◆ **How to complete this task**
Copy, exactly and without additions, every line in the records below from the one holding "شركة الاتصالات السعودية" through the one holding "Illustrazione sullo sviluppo", both ends included.

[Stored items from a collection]

------------------------------------------------------------------------

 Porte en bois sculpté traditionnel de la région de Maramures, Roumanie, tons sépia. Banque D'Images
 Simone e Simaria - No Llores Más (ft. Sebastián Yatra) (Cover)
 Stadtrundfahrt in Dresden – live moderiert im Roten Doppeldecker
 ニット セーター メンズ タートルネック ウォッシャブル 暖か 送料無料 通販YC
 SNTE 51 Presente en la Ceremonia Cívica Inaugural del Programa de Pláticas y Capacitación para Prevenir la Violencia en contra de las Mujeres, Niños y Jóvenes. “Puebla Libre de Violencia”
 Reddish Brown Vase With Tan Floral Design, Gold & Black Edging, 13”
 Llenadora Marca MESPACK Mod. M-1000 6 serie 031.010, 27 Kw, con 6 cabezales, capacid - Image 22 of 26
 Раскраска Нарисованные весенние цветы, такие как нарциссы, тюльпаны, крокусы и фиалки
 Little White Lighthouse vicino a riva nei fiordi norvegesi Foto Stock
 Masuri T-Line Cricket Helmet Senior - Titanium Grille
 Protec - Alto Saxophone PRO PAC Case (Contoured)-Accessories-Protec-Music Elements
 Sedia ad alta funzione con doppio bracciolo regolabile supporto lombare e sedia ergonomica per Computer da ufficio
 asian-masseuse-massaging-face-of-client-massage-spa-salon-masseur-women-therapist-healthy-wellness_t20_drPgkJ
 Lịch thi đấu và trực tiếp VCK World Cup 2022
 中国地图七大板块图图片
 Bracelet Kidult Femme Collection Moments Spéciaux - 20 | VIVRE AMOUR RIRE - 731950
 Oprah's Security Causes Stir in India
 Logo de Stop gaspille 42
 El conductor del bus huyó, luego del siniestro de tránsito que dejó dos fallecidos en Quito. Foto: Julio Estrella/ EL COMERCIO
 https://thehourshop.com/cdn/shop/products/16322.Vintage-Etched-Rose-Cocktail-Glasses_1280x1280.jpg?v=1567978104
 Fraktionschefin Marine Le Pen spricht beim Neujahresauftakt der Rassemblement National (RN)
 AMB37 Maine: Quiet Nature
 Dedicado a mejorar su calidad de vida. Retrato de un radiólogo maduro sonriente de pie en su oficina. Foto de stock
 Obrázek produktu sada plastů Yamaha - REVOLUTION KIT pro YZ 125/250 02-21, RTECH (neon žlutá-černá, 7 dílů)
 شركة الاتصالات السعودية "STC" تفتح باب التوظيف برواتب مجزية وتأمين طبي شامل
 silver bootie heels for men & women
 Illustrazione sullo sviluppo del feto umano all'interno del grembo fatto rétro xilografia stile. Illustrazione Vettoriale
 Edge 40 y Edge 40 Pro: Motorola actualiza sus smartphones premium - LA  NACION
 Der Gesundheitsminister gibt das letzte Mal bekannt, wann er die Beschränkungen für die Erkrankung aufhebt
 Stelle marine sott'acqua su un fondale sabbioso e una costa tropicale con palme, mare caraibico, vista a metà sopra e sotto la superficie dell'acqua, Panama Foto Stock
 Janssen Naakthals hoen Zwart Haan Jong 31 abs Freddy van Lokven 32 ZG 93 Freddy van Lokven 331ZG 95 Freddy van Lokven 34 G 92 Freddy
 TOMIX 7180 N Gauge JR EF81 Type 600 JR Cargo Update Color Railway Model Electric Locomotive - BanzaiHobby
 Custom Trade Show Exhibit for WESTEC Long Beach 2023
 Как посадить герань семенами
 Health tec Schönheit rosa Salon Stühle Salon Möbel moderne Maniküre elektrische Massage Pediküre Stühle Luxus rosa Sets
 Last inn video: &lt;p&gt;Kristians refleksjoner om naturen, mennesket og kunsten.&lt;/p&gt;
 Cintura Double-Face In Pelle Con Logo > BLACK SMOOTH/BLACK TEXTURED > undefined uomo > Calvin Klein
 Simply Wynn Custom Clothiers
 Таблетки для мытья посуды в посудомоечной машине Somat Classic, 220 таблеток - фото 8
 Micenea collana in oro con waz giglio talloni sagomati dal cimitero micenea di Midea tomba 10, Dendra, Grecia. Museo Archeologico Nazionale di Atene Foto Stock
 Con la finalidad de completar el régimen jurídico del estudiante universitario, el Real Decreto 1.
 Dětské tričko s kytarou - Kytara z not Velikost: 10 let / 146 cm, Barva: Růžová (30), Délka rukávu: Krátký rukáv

------------------------------------------------------------------------

◆ **Solution to this exercise**
 شركة الاتصالات السعودية "STC" تفتح باب التوظيف برواتب مجزية وتأمين طبي شامل
 silver bootie heels for men & women
 Illustrazione sullo sviluppo del feto umano all'interno del grembo fatto rétro xilografia stile. Illustrazione Vettoriale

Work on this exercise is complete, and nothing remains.